Inserting implants immediately after tooth extraction reduces clinic appointments, but some patients experience breakdown of their gum and bone tissues; this early exposure of the implant inhibits bone regeneration and implant success. Increasing numbers of people have implants nowadays, more of which contain titanium, which is good for osseointegration, but tends to harbor bacteria if the surrounding bone shrinks away. Preclinical research is therefore important for investigating the nature of implantitis and its relations to bacterial plaque formation. Flap procedures need to be optimized to ensure adequate wound closure and prevent wound breakdown. To this end, inflammation resembling that encountered by dentists is induced in animals by allowing plaque to accumulate or placing cotton ligatures on the gum. It is difficult to create standardized defects, but valuable observations can be made on the timings of extraction and implantation, healing periods and plaque control. The efficacy of treatments for preventing tissue loss can be assessed, as well as options for antimicrobial decontamination. Investigators can rely on the clinical relevance of the endpoints described here, which involve assessment by probing of peri-implant pockets, determining the level of the alveolar bone crest, the amount of bone–implant contact and the extent of inflammatory cell infiltrates.
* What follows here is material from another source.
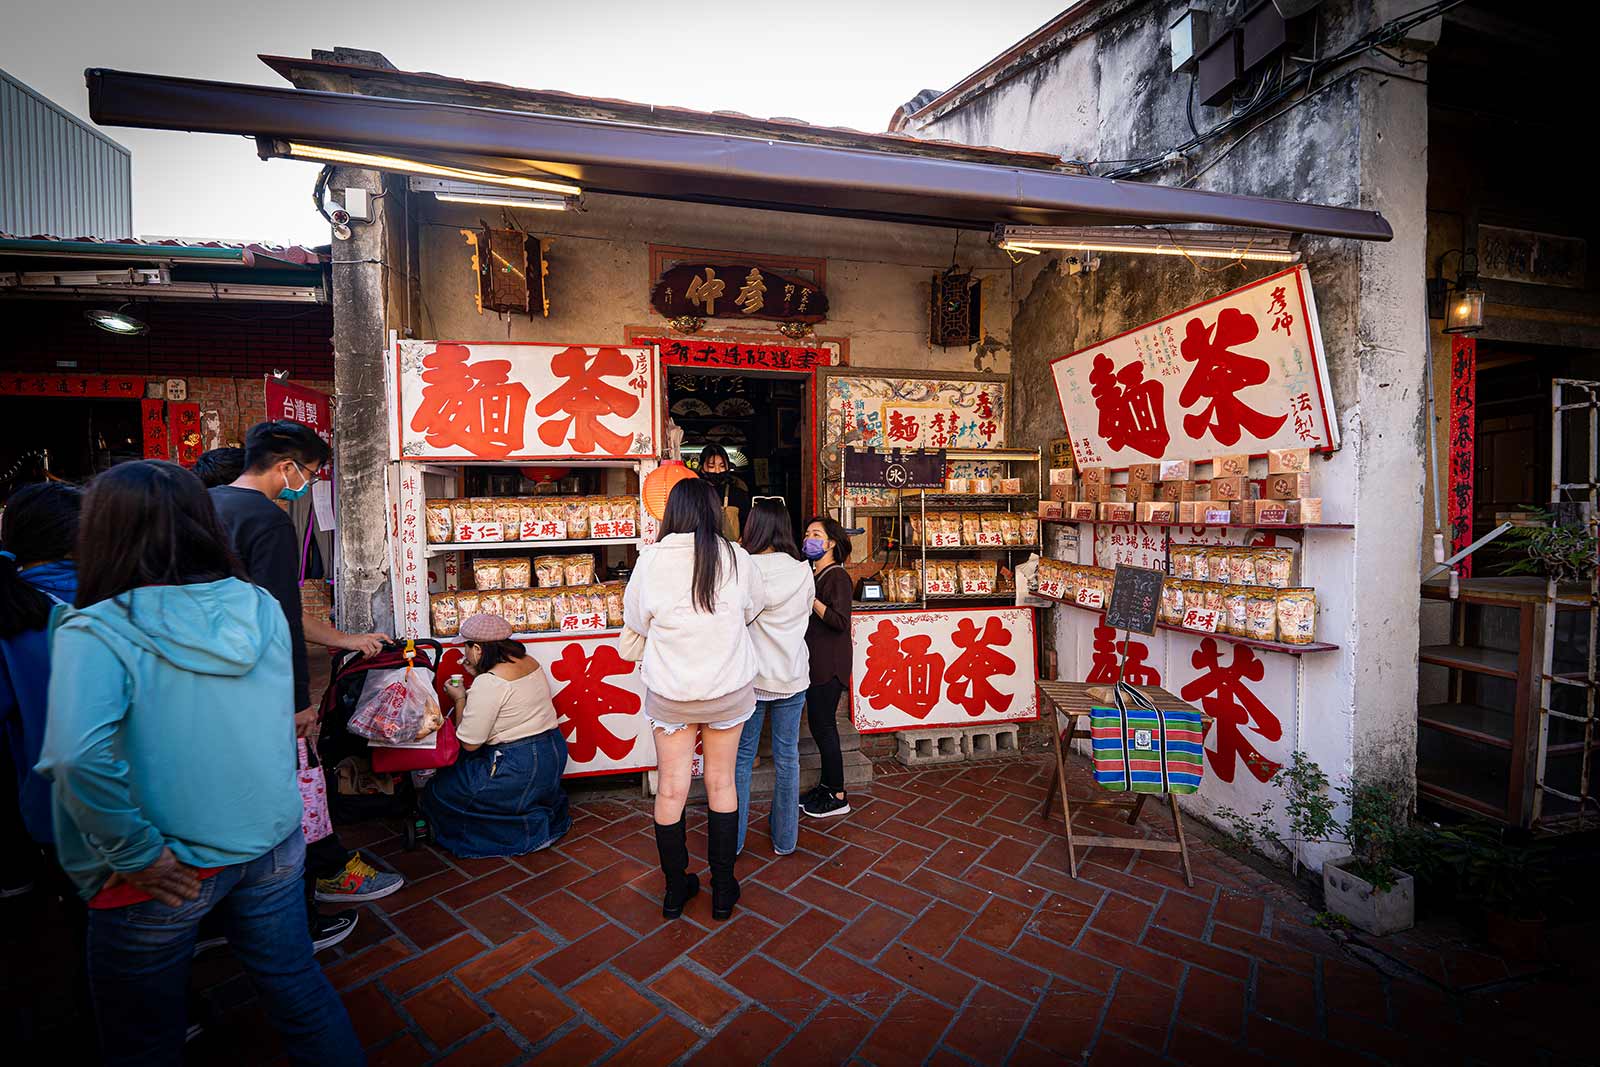 A small shop run out of someone's one-story home sells roasted wheat flour; the outside of the shop is adorned in white plaques with "roasted wheat flour" written in Chinese characters.
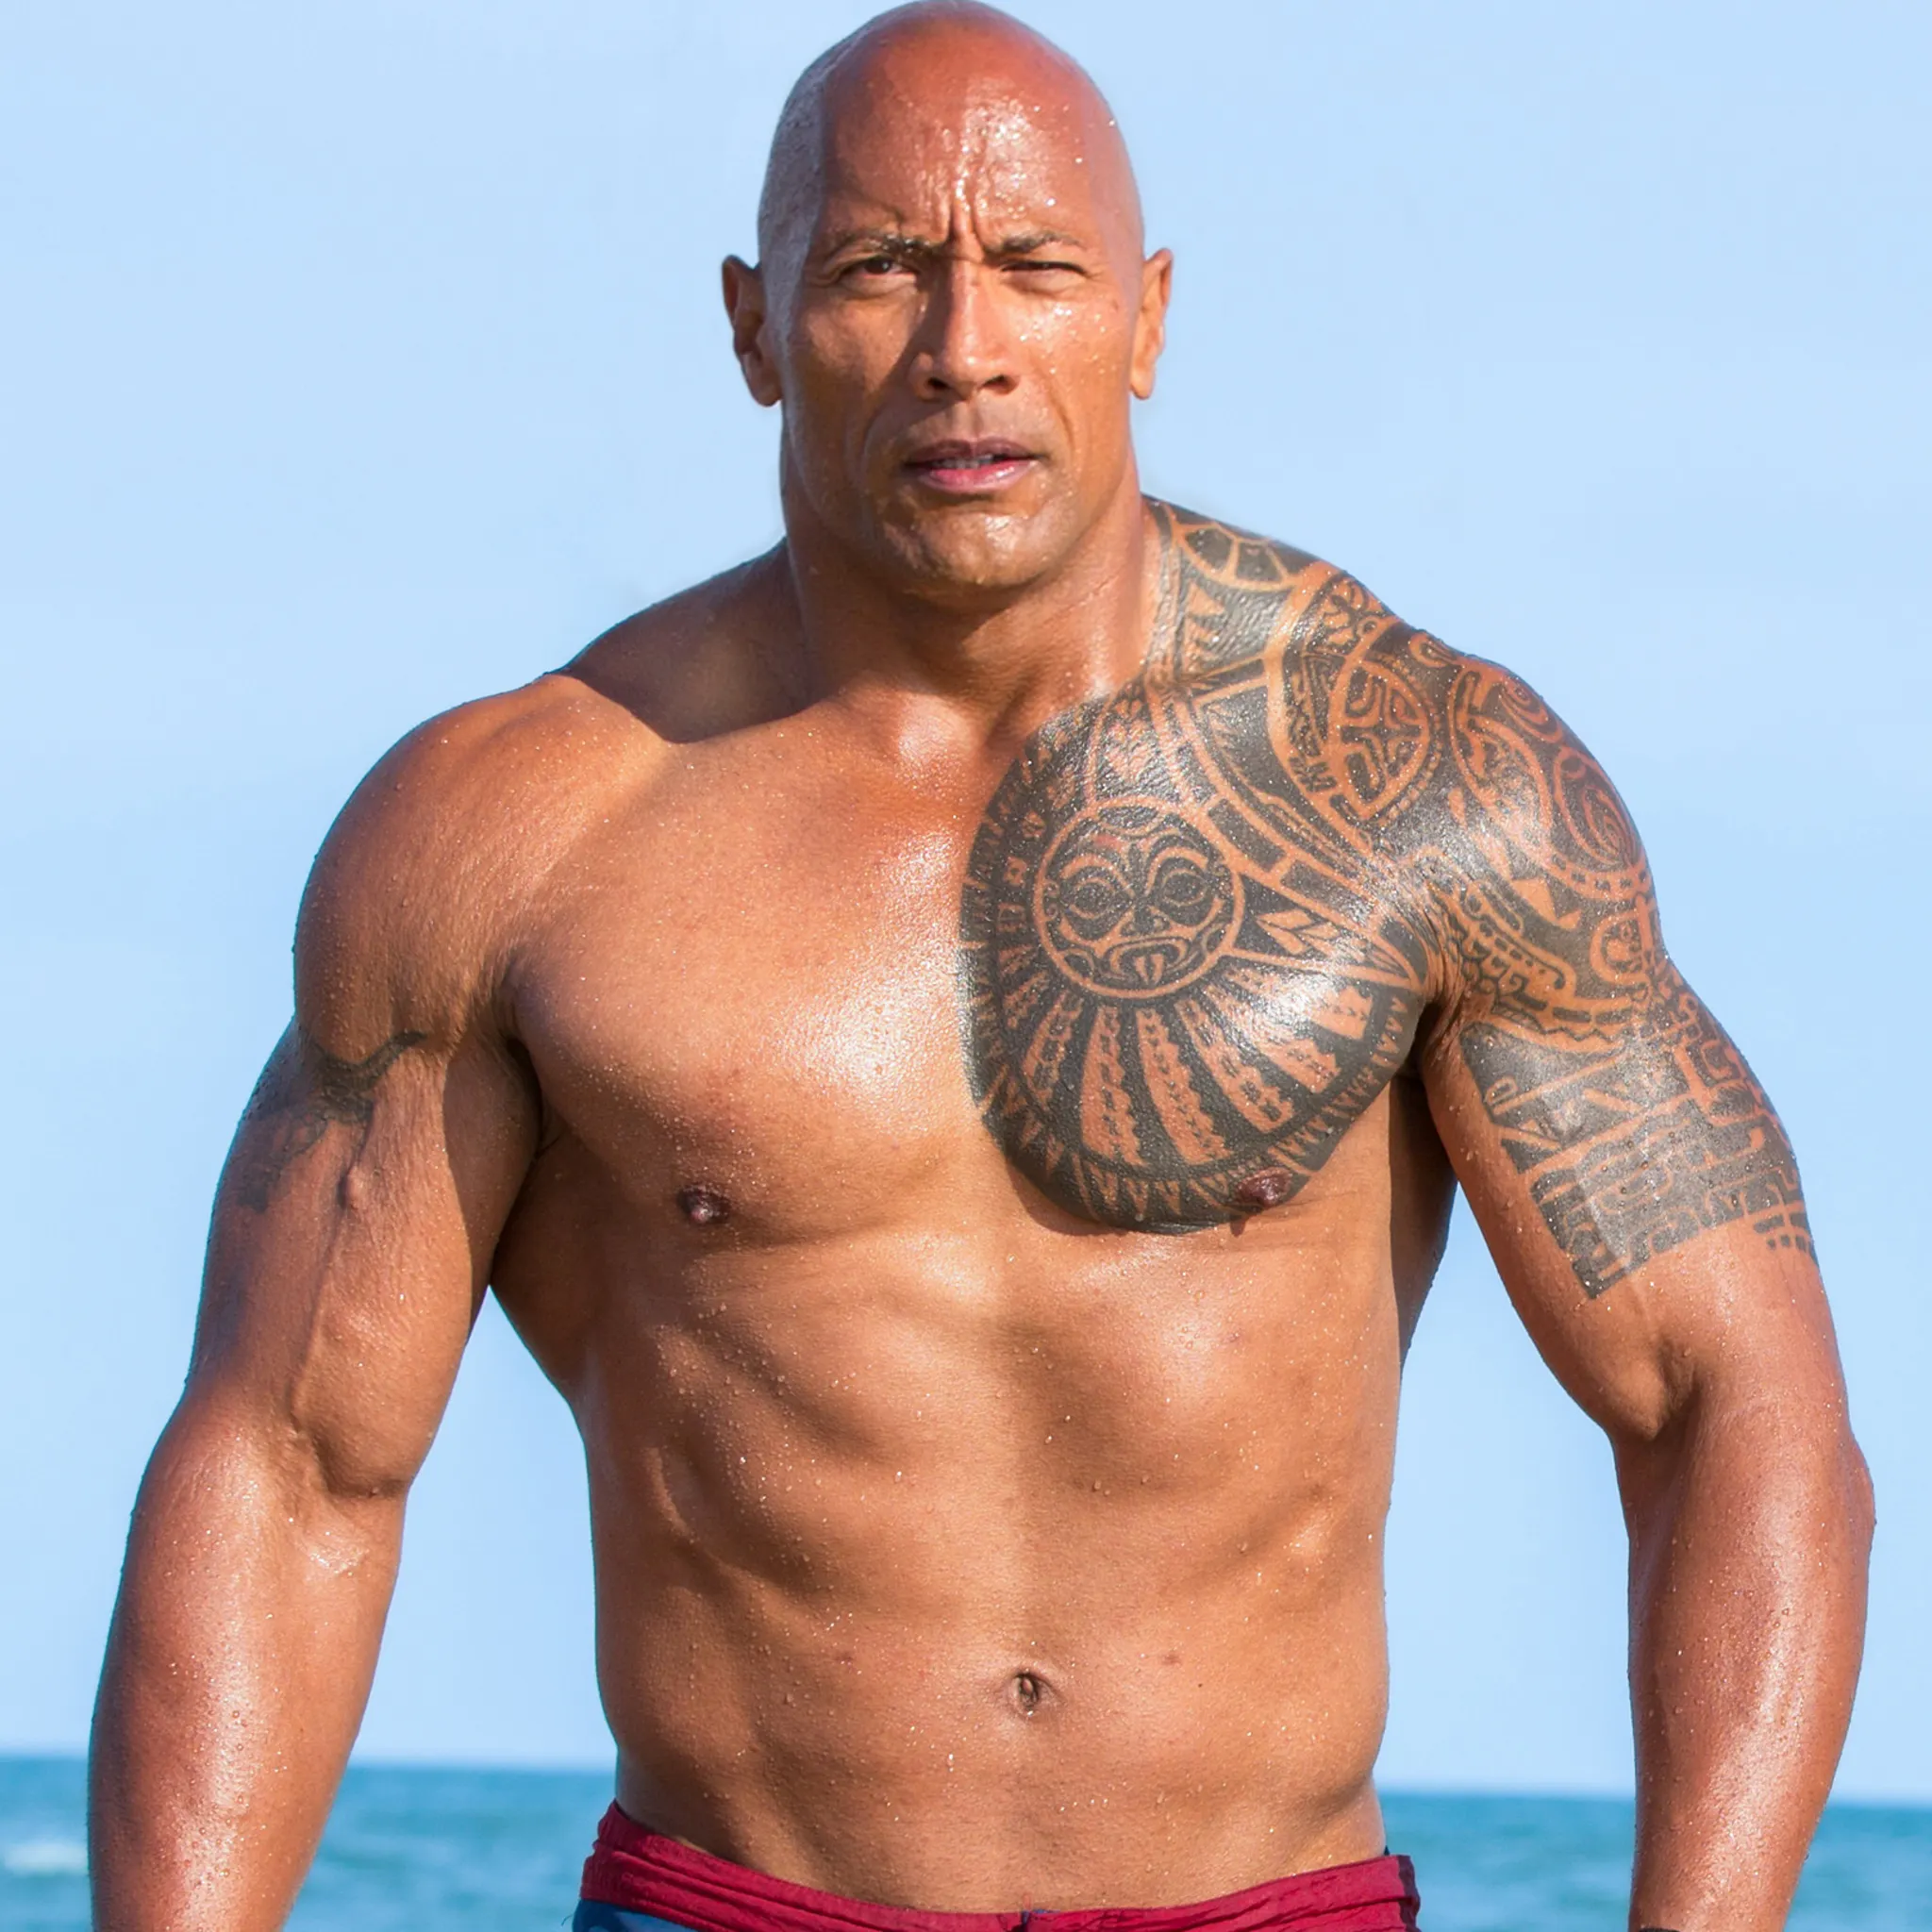 From Backlash To Redemption: Dwayne Johnson’s Powerful Response To Maui Wildfire Fund Controversy

This remains a rich area for research in a growing area of practice.

Technological advances in engineering materials and biological agents continue to provide new potential therapies for patients whose quality of life and physical well-being are affected by severe orofacial defects, tooth loss or the consequences of gum disease. However, getting new therapies into everyday use by dental surgeons is not simple. Currently, only one in every thousand newly developed materials reaches patients, in a process that can take decades, and incurs enormous costs. To ensure that all suitable therapies developed in the laboratory become available to dentists, preclinical studies in animals must streamline neatly with clinical trials in humans, which can only happen if approval is gained by the regulatory authorities. This chapter provides guidance on the many practical issues that must be addressed before, during and after conducting animal experiments, in order to achieve the rigorous safety, efficacy and quality standards that must be met for human use. The emphasis is on effective planning and design, and choosing the most suitable animal models and techniques. The authors also outline ways to optimize and standardize experimental approaches, and set meaningful endpoints that translate directly into the clinical arena.